- Introduction
- 1. Business Problem
- 2. Business Assumptions
- 2. The Dataset
- 3. Feature Engineering and Variables Filtering
- 4. EDA Summary and Insights
- 5. Data Preparation and Feature Selection
- 6. Machine Learning Modelling and Fine Tuning
- 7. Business Performance and Results
- 8. Next Steps
- 9. Lessons Learned
- 10. Conclusion
- References
Project Development Method
This project is based on the CRISP-DS (Cross-Industry Standard Process - Data Science, a.k.a. CRISP-DM) project management method, with the following steps:
- Business Understanding
- Data Collection
- Data Cleaning
- Exploratory Data Analysis (EDA)
- Data Preparation
- Machine Learning Modelling and fine-tuning
- Model and Business performance evaluation / Results
- Model Deploy
This given case is one of a company specialized in fraud detection for financial transactions. The company's business model is based on performance monetization.
The company aims to expand its business, by following the given rules:
- The company receives 25% of each transaction value truly detected as fraud.
- The company receives 5% of each transaction value detected as fraud, however the transaction is legitimate.
- The company gives back 100% of the value for the customer in each transaction detected as legitimate, however the transaction is actually a fraud.
Goal of the project
- Create a model with high accuracy and precision when classifying transaction between fraud and non-fraud.
Deliverables
- A model that classifies the transactions as "Fraud" or "Legitimate".
- Deployed model with API access.
- A Readme about how to use the tool.
- Model performance and results report with respect to profit and loss.

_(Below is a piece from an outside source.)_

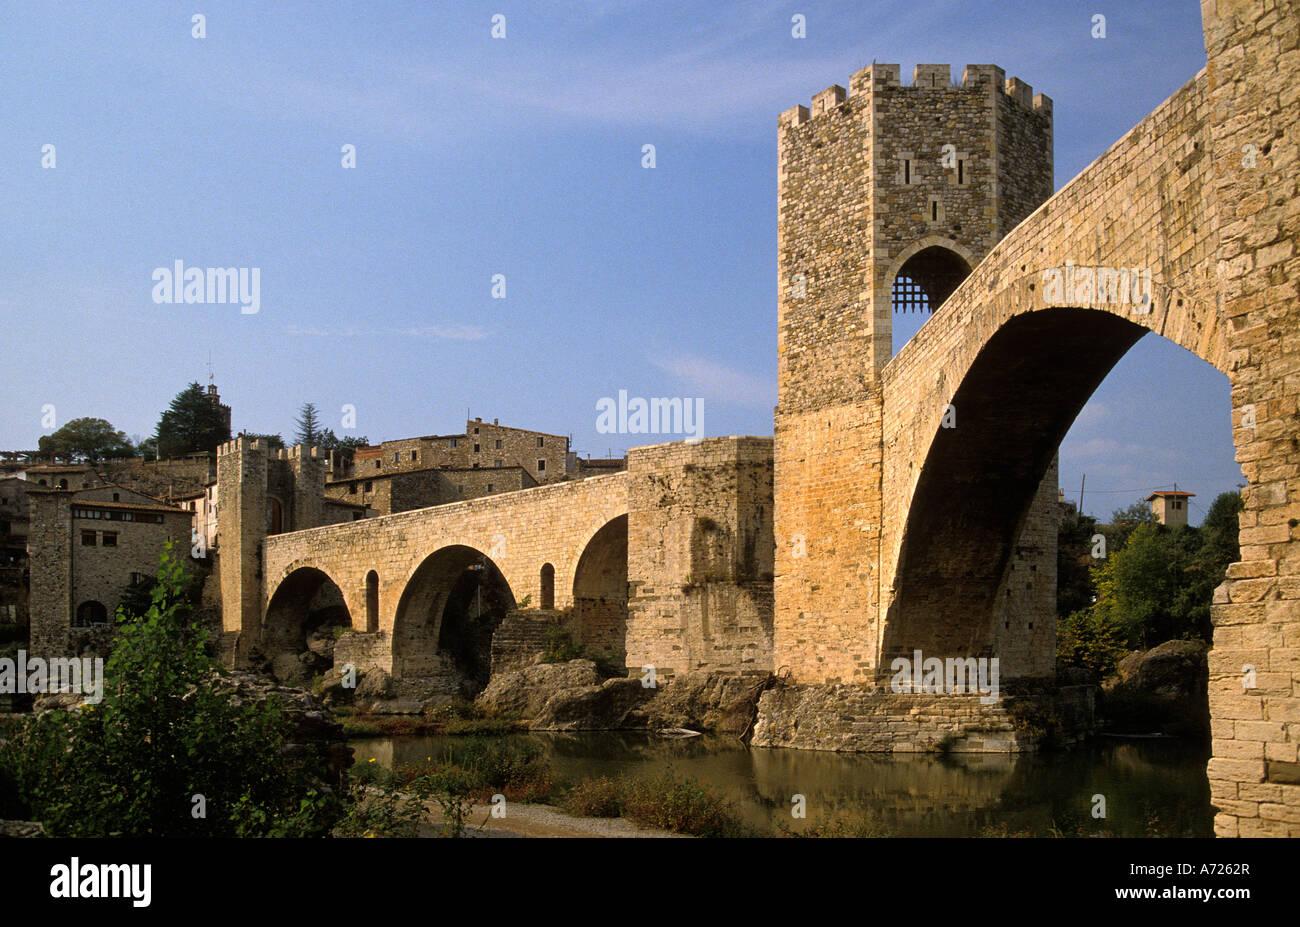 Mittelalterliche, befestigte Brücke von Besalú, Katalonien, Spanien Stockbild

Step 01. Data Description and Partition:
The dataset file has 470 MB, and when loaded in pandas it has a memory usage of 534 MB. Available RAM memory is crucial to run the code properly. In order not to compromise it, the dataset was saved several times, as the preprocessing was completed, to allow a viable timeline for code execution. Hence, before executing the code it is important to check the available space in HD / memory and how much it will take. The strategy to save the preprocessed dataset and execute the code in steps worked properly in the computer used to develop this project (SSD 240GB, RAM memory 8GB), but it may change depending on the hardware used.
As described in the lessons learned section, the way the dataset is handled is crucial for the model training and hence for the project success. In this case, some attemps were made until reaching the expected performance to meet the project goal.
The dataset was split into train and test set with 70/30 ratio.
1.1. PySpark
A superficial descriptive analysis is performed to check the distribution of each feature and the proportions of categorical features throughout the data.
1.1. StratifiedKFold
By dividing the data in two 1/10 part of the total dataset, there is the creation of viable parts of data that remain representative of the fenomenon, given that the stratified k-fold takes samples with balanced categorical features, keeping the data set as close as possible to the original data.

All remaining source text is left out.